What is the best AI image generation model for local use?

Flux.1 Dev produces the highest quality images but requires 33GB VRAM at FP16. For most users, SDXL 1.0 offers the best balance of quality, ecosystem, and accessibility at just 8GB VRAM. If you have 16-24GB VRAM, SD 3.5 Large and Flux.1 Schnell are strong middle-ground options.

Can I run Flux locally on a consumer GPU?

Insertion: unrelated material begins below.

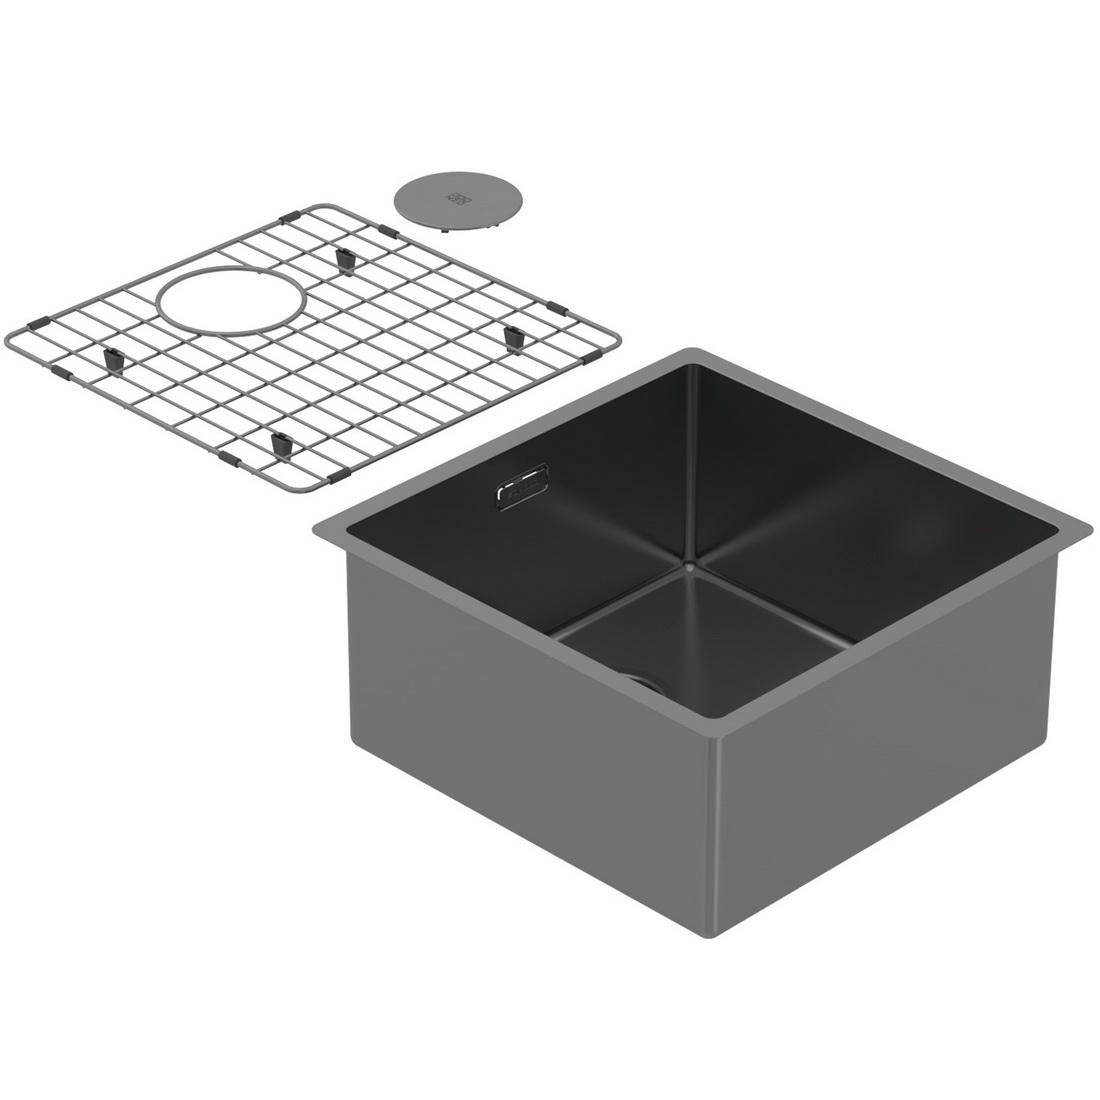 440x440x200mm Single Medium Bowl Undermount Kitchen Sink Cayman Black PearlArc Finish

Yes. Flux.1 Dev at FP8 precision needs about 17GB VRAM, fitting on an RTX 4090 or RTX 5090. GGUF quantized versions (Q4) bring it down to around 12GB. Flux.1 Schnell uses the same architecture but generates images in just 4 steps.

How much VRAM do I need for Stable Diffusion?

SD 1.5 runs on as little as 4GB VRAM. SDXL needs 8GB minimum. SD 3.5 Large requires 18GB at FP16. Flux.1 Dev needs 33GB at full precision but can run quantized on 12GB. The right model depends on your GPU's VRAM capacity.

Is SDXL still worth using in 2025?

Absolutely. SDXL has the largest ecosystem of LoRAs, ControlNets, and community fine-tunes. It runs on 8GB VRAM, generates images quickly, and the community models like RealVisXL, DreamShaper XL, and Juggernaut XL produce excellent results for specific use cases.

What is the most accessible AI image model?

Stable Diffusion 1.5 remains the most accessible, running on GPUs with just 4GB VRAM. It has the largest LoRA and ControlNet ecosystem of any model. For slightly more VRAM (8GB), SDXL offers a major quality upgrade.